Reputation: 2109
I have a HashSet<int>
and a List<int>
(Hashset has approximately 3 Million items, List has approximately 300k items).
I currently intersect them using
var intersected = hashset.Intersect(list).ToArray();
and I wonder if there is any faster way to do so. Maybe in parallel?
Upvotes: 9
Views: 6613
Reputation: 5213
HashSet
has a method IntersectWith
that is optimized if intersection is performed between two hash sets. Using method IntersectWith
we can intersect HashSet
and List
using the next approach:
private static IEnumerable<int> Intersect(HashSet<int> hash, List<int> list)
{
HashSet<int> intersect = new HashSet<int>(list);
intersect.IntersectWith(hash);
return intersect;
}
I have measured (using Stopwatch
) performance of your original method (Linq Intersect
), methods proposed by @TheodorZoulias (HashSet Contains
and HashSet Contains Parallel
) and my method (HashSet IntersectWith
). Here are results:
------------------------------------------------------------------------
| Method | Min, ms | Max, ms | Avg, ms | StdDev, ms |
------------------------------------------------------------------------
| Linq Intersect | 135 | 274 | 150 | 17 |
| HashSet Contains | 25 | 44 | 26 | 2 |
| HashSet Contains Parallel | 12 | 53 | 13 | 3 |
| HashSet IntersectWith | 57 | 89 | 61 | 4 |
------------------------------------------------------------------------
From the table we can see that the fastest method is HashSet Contains Parallel
and the slowest is Linq Intersect
.
Here is complete source code that was used to measure performance.
Upvotes: 8
Reputation: 43525
Yes, you can go faster because you have already a HashSet
in hand.
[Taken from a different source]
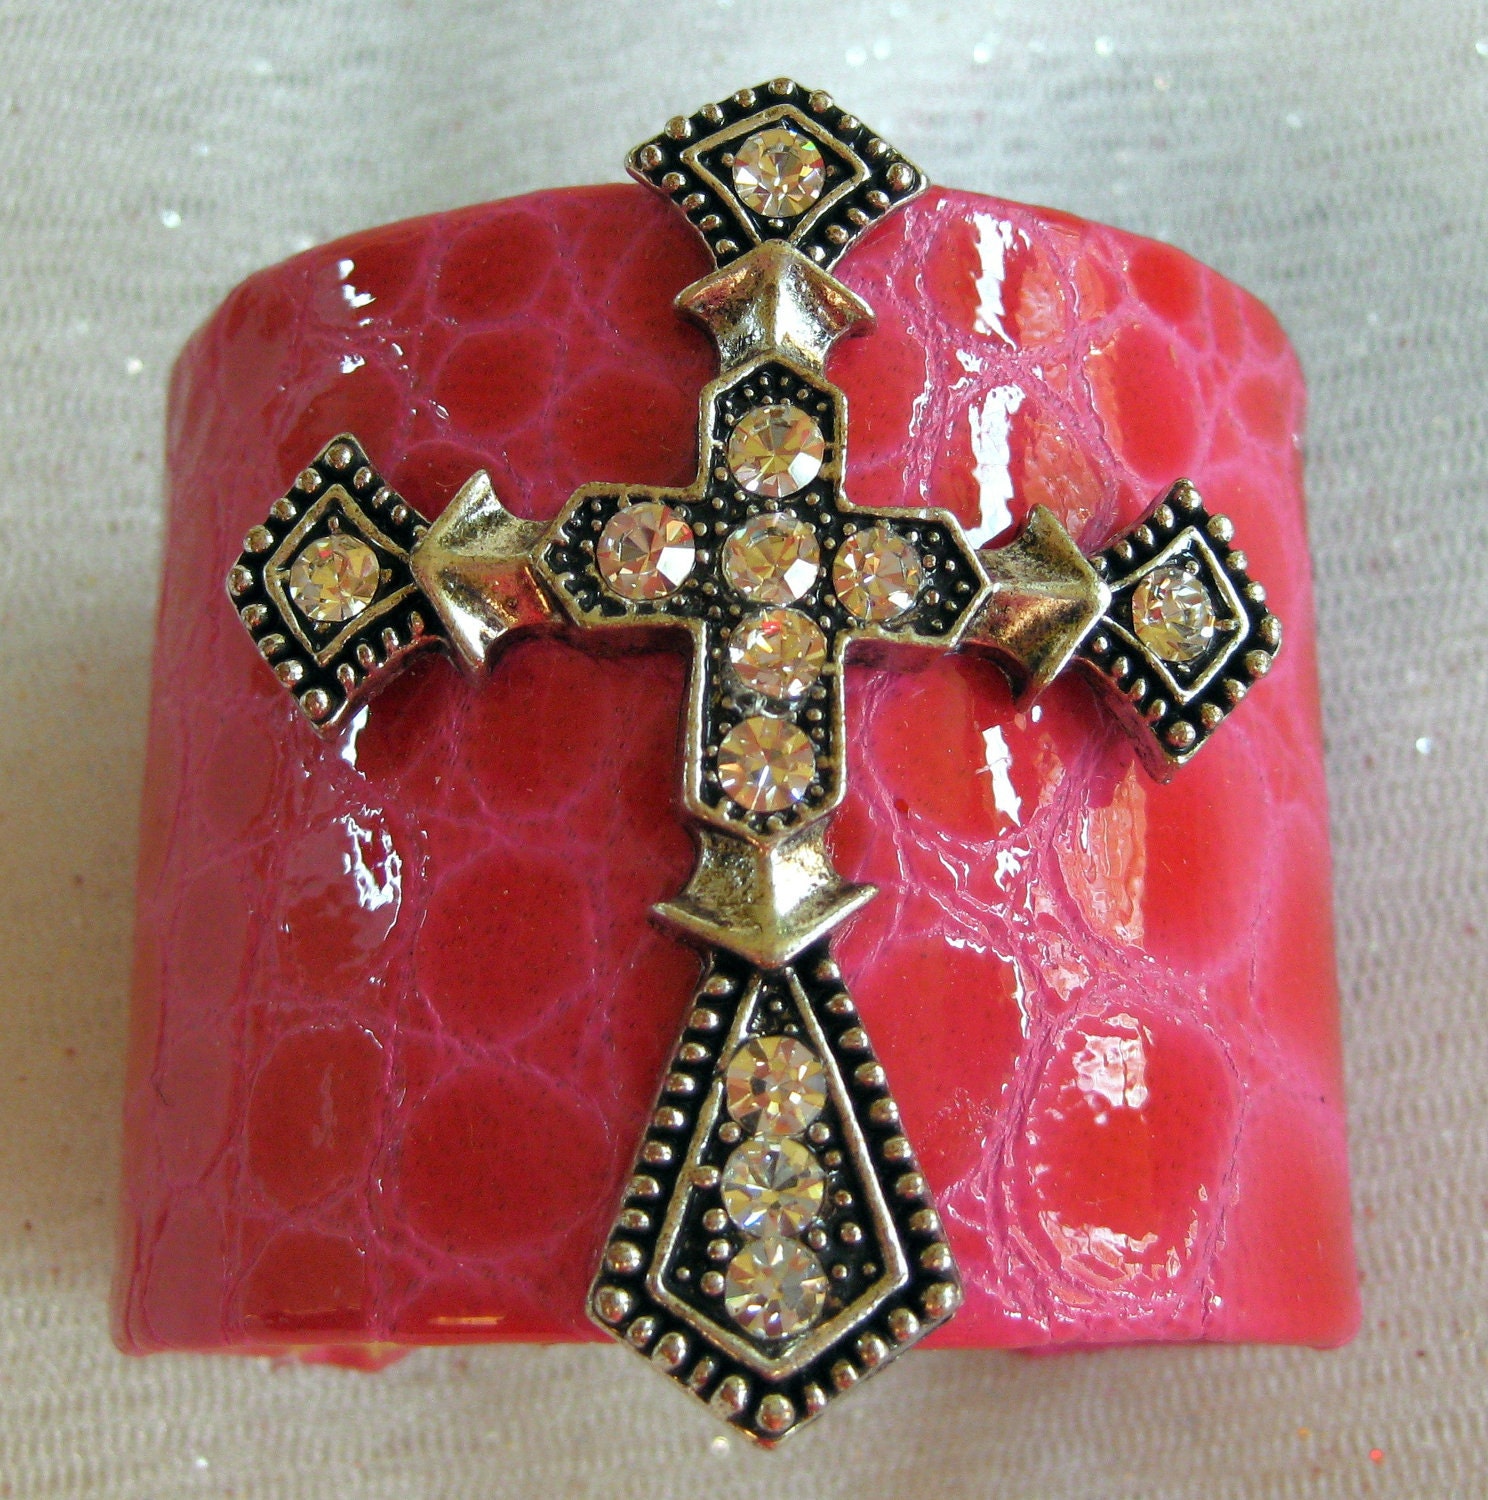 Cuff Bracelets, Sterling Silver Cuff Bracelets, Leather Bracelets,  "Cross"

The LINQ Intersect
uses a generic algorithm, that essentially recreates a HashSet
from scratch every time it's called. Here is a faster algorithm:
/// <summary>Yields all the elements of first (including duplicates) that also
/// appear in second, in the order in which they appear in first.</summary>
public static IEnumerable<TSource> Intersect<TSource>(IEnumerable<TSource> first,
HashSet<TSource> second)
{
foreach (TSource element in first)
{
if (second.Contains(element)) yield return element;
}
}
Update: Here is a parallel version of the above idea:
var intersected = list.AsParallel().Where(x => hashset.Contains(x)).ToArray();
I wouldn't expect it to be much faster, if at all, because the workload is too granular. The overhead of calling a lambda 300,000 times will probably overshadow any benefits of the parallelism.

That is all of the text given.